Unfolding Potential: BYU and Origami
Engineering and origami unite to advance science and technology
Who would have ever thought that origami could save lives or help technology to reach outer space? Professors and students at Brigham Young University have shown that it can. Providing more experiential learning opportunities for students is what Kevin J Worthen’s Inspired Learning fundraising initiative is all about.
In 2012, a group of BYU professors received a grant to explore the seemingly distinct fields of origami and engineering.
Origami involves movement through bending and stretching instead of joints and moving parts. Shannon Zirbel, then a BYU graduate student working with NASA’s Jet Propulsion Lab, worked to design a massive solar array capable of traveling to space compacted and then unfolding. The team worked with Robert Lang, an origami expert, to see how folding could make this vision a reality. Theirsolar array expands to 10 times its size once it is deployed. This is much cheaper for NASA, as it costs less to launch smaller objects and the array absorbs much more solar energy.

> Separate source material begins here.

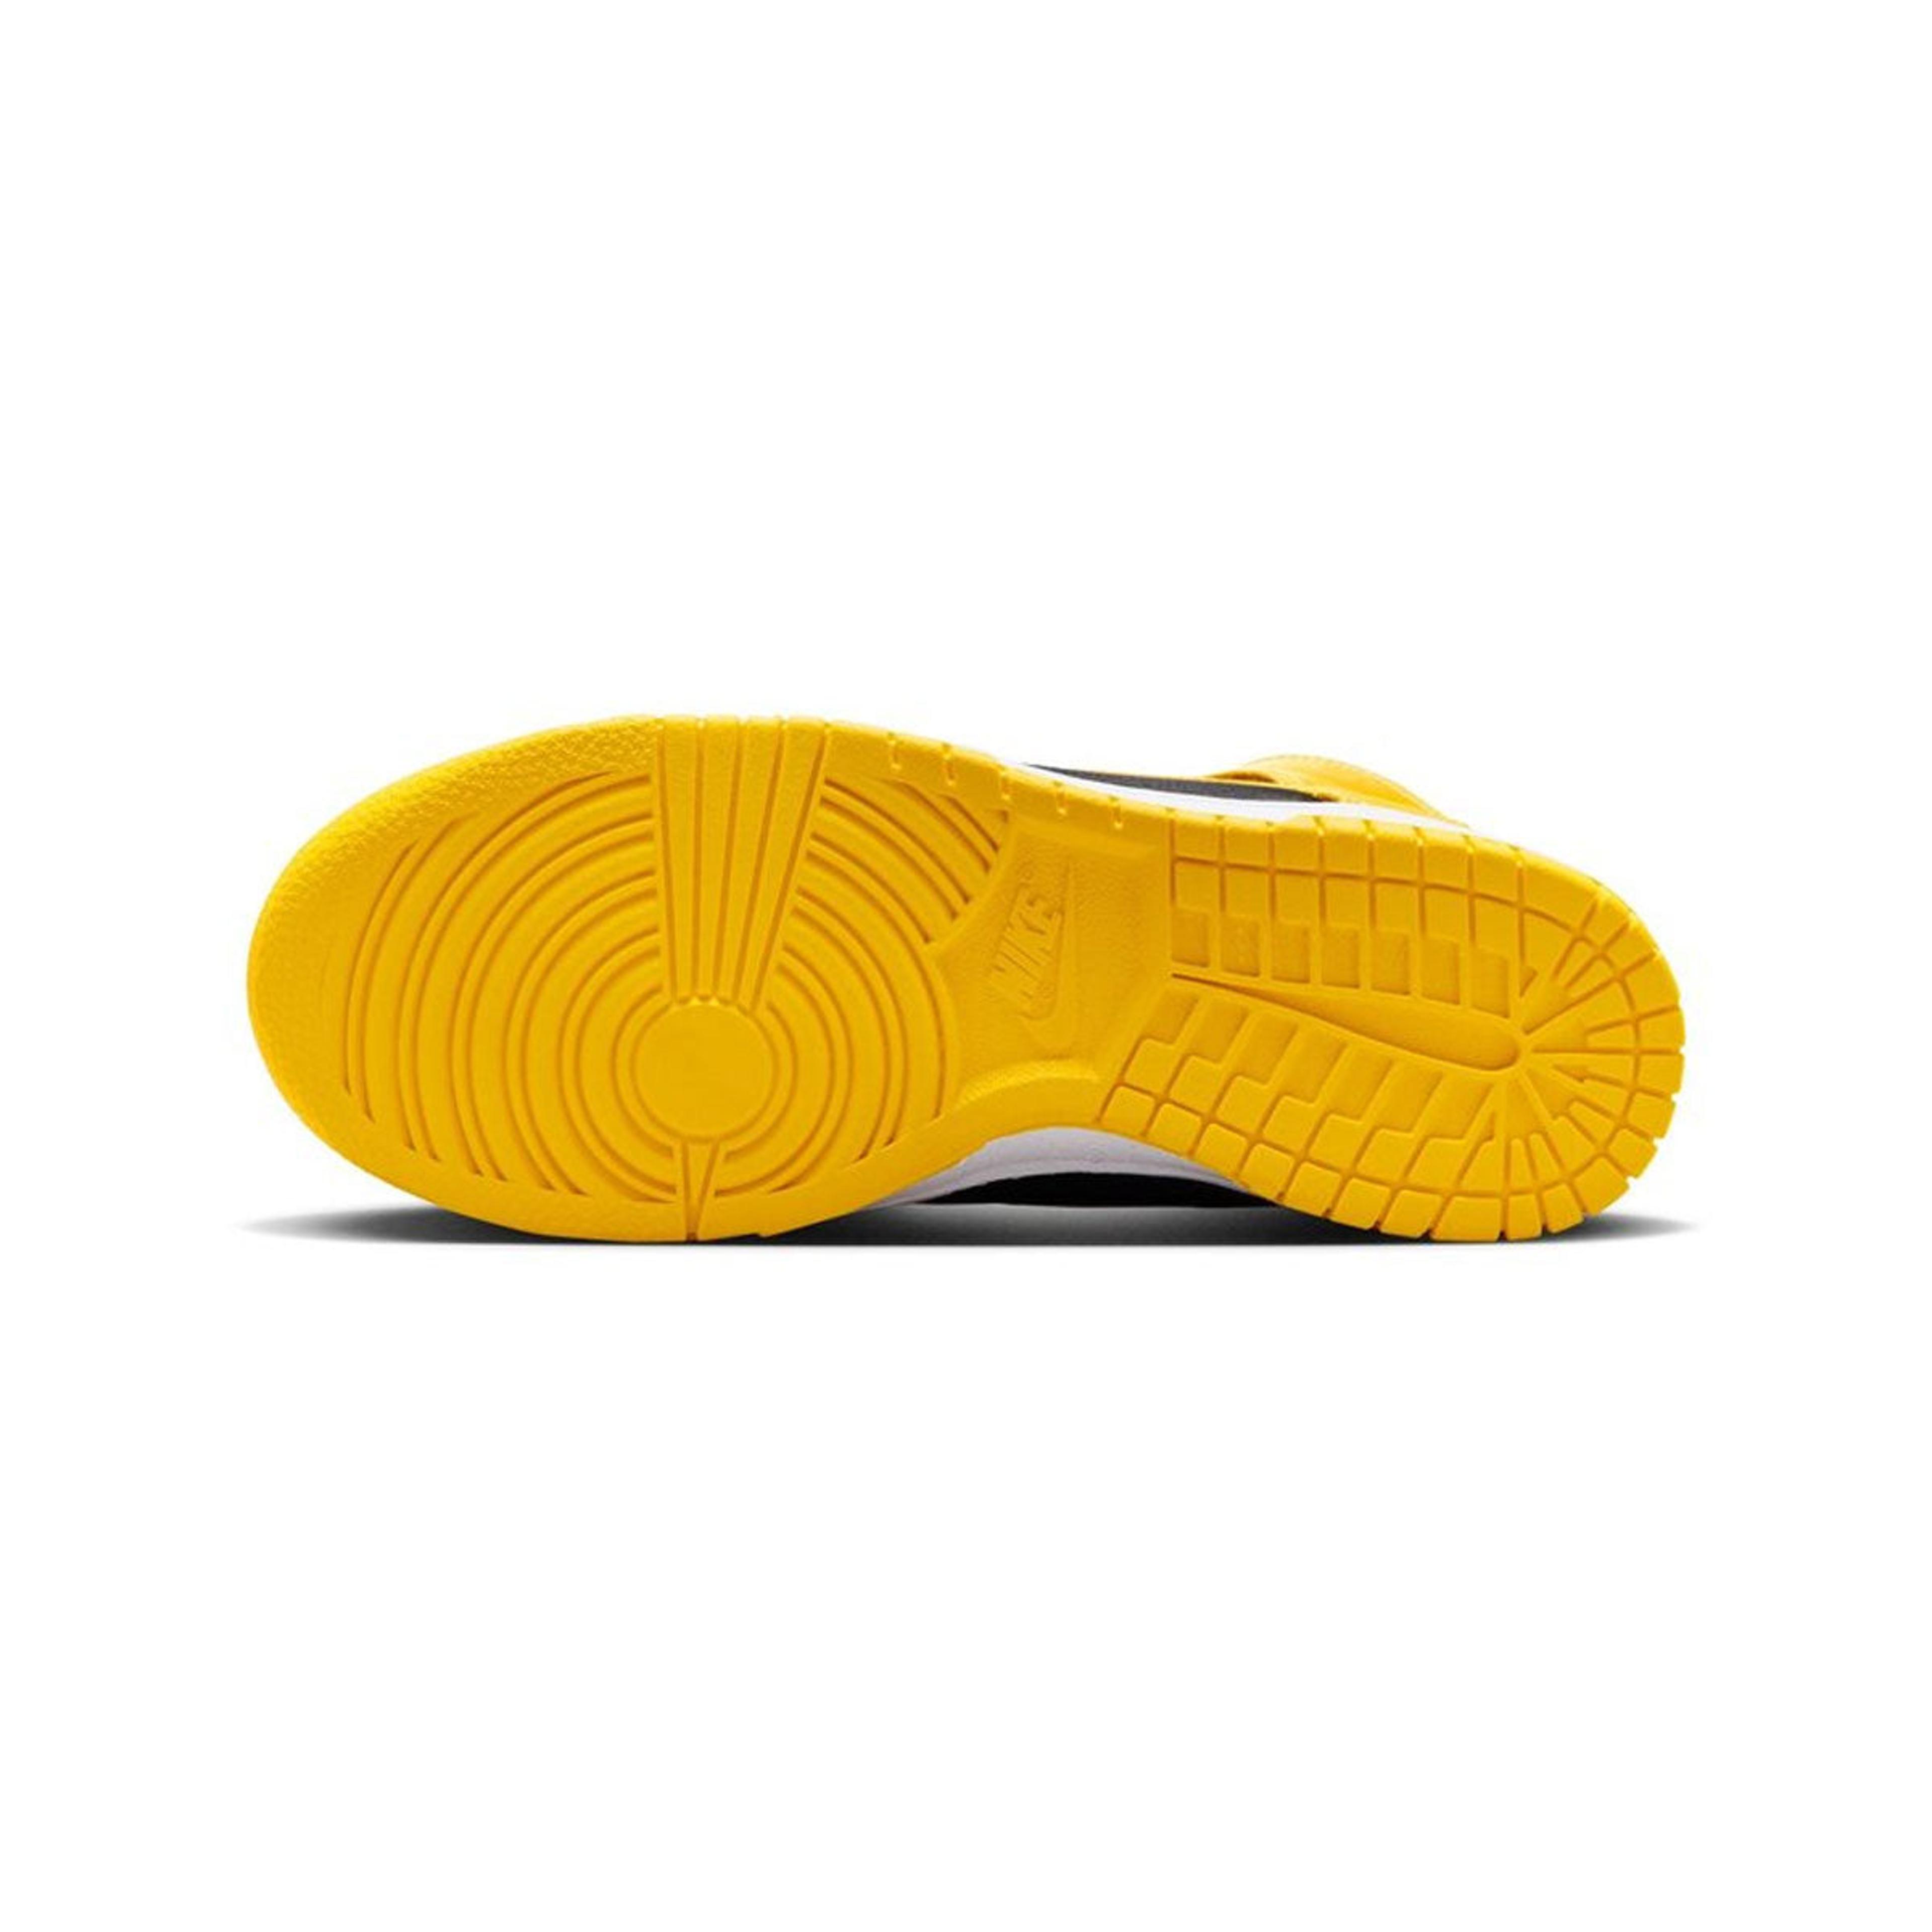 Alternate View 1 of Nike Wmns Dunk High “Satin Goldenrod”

In 2015, a video highlighting the array received a great deal of attention and was awarded a People’s Choice Award by an international competition sponsored by the National Science Foundations and Popular Science.
Professor Larry Howell, who mentored Zirbel on the project, said, “The most rewarding part is working with students and helping them to have these experiences. It’s different than just doing course work and doing a homework problem that tens of thousands of other students have done. It’s learning by actually doing something that has potential to make a positive difference in the world.”
And these BYU students have continued to explore uses for origami. Here are a few more of their projects:
- minimally invasive surgery equipment
- a microscopic device smaller than a needle that can insert DNA into a cell
- a bullet-proof barrier for police officers
- collapsible sterile shrouds for moveable X-ray machines in operating rooms
- changing DNA shapes for nanoelectronics
- shape-shifting radiator for NASA
In addition to the innovations that the students have already developed, they foresee origami leading to the invention of everything from folding phones, to shelters that can be used in emergency situations. The possibility of origami-inspired solutions in the medical, technological, and engineering fields is just beginning to unfold.
BYU’s work on origami-inspired research and development was even highlighted in a special episode of PBS’s Nova, “The Origami Revolution.” Watch a preview for the episode.
Howell explained that this research would not have been possible without the grants they received. Of the research experience, he also said, “BYU is an amazing environment to do these kinds of interesting, exciting, and creative types of projects. We have wonderful students and supportive administration.”
With the help of grants and faculty, BYU students will continue to investigate possibilities of applying origami in their studies.